Commodity momentum: geopolitics and Chinese inflation in focus


Geopolitical concerns over ongoing tensions in North Korea and Iran, in which another round of nuclear negotiations with Western nations yielded no result, and news of an easing of Chinese inflation fears have given the energy and industrial metals a small boost.

The easing of inflationary pressure in China, which is primarily due to a sharp reduction in the cost of food, has lowered the risk for a tightening of monetary policy. Such tightening could have triggered a reduction in demand for key commodities such as oil and industrial metals. Any potential for a war with North Korea or increased tensions in the Middle East carries the risk of disrupting the supply of oil, thereby helping to keep it supported at a time of reduced demand and ample supply.

Despite these supporting factors, momentum across most of the major commodities remains negative as growth expectations have eased, grain supplies will more than cover global demand ahead of the harvest this autumn and industrial metals have seen a pick-up in supply as new production has become available. Precious metals are struggling as US equities have bounced from last week's sell-off following the disappointing job report, while ETP holdings continued to be reduced.

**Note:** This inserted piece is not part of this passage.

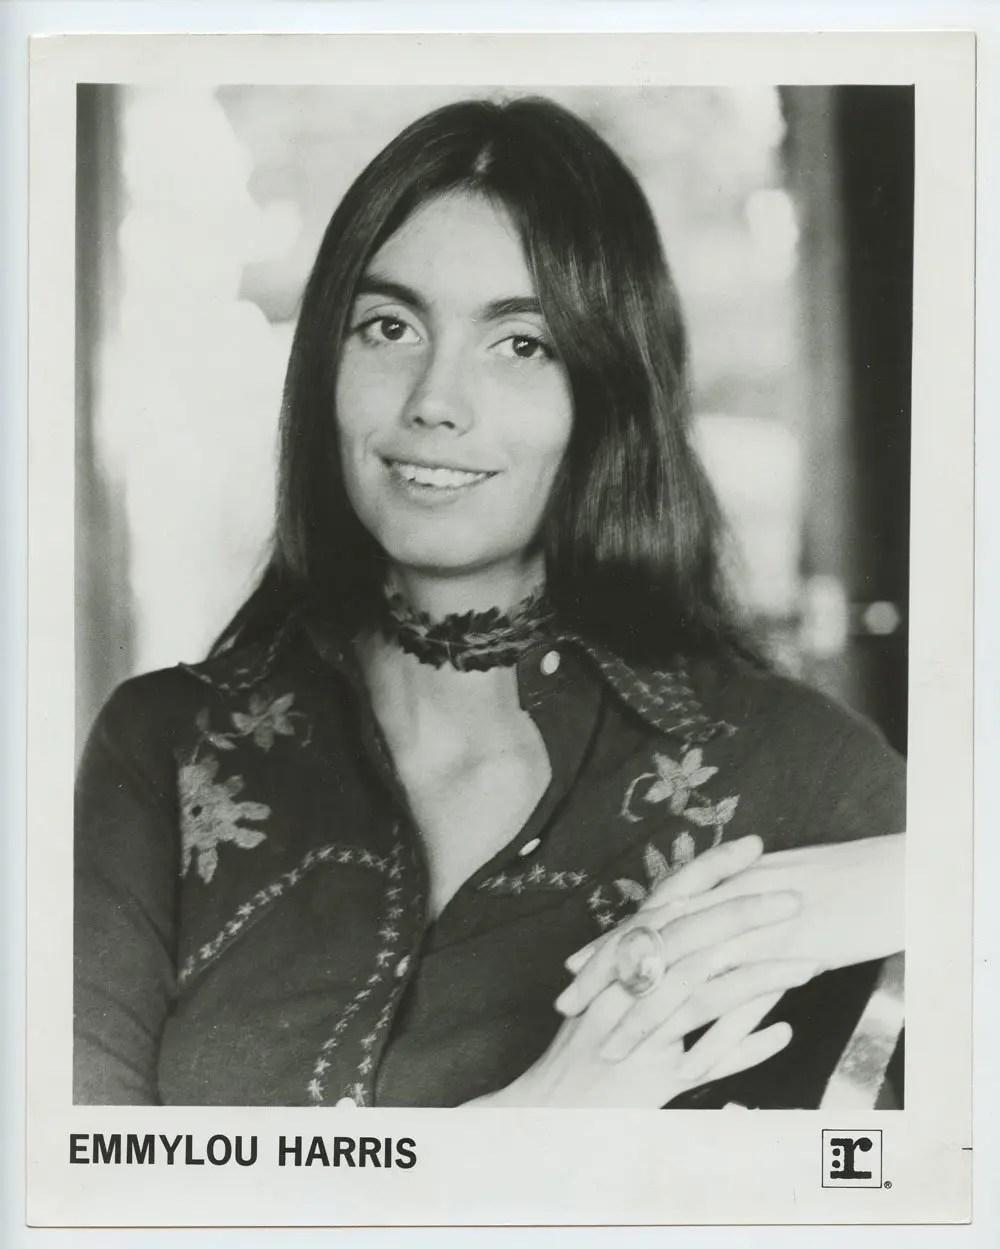 Emmylou Harris Photo 1975 Reprise Records Original Vintage

WTI Crude looks set to join Brent Crude in showing negative momentum in what has been a delayed reaction to the sell-off witnessed last week. Elsewhere, wheat prices, which suffered the least during the Easter cull, have also recovered the fastest due to concerns about the US winter crop. The concerns eased overnight, with crop ratings now beginning to improve following what has been a very harsh winter due to drought and little snow cover to protect them from the cold.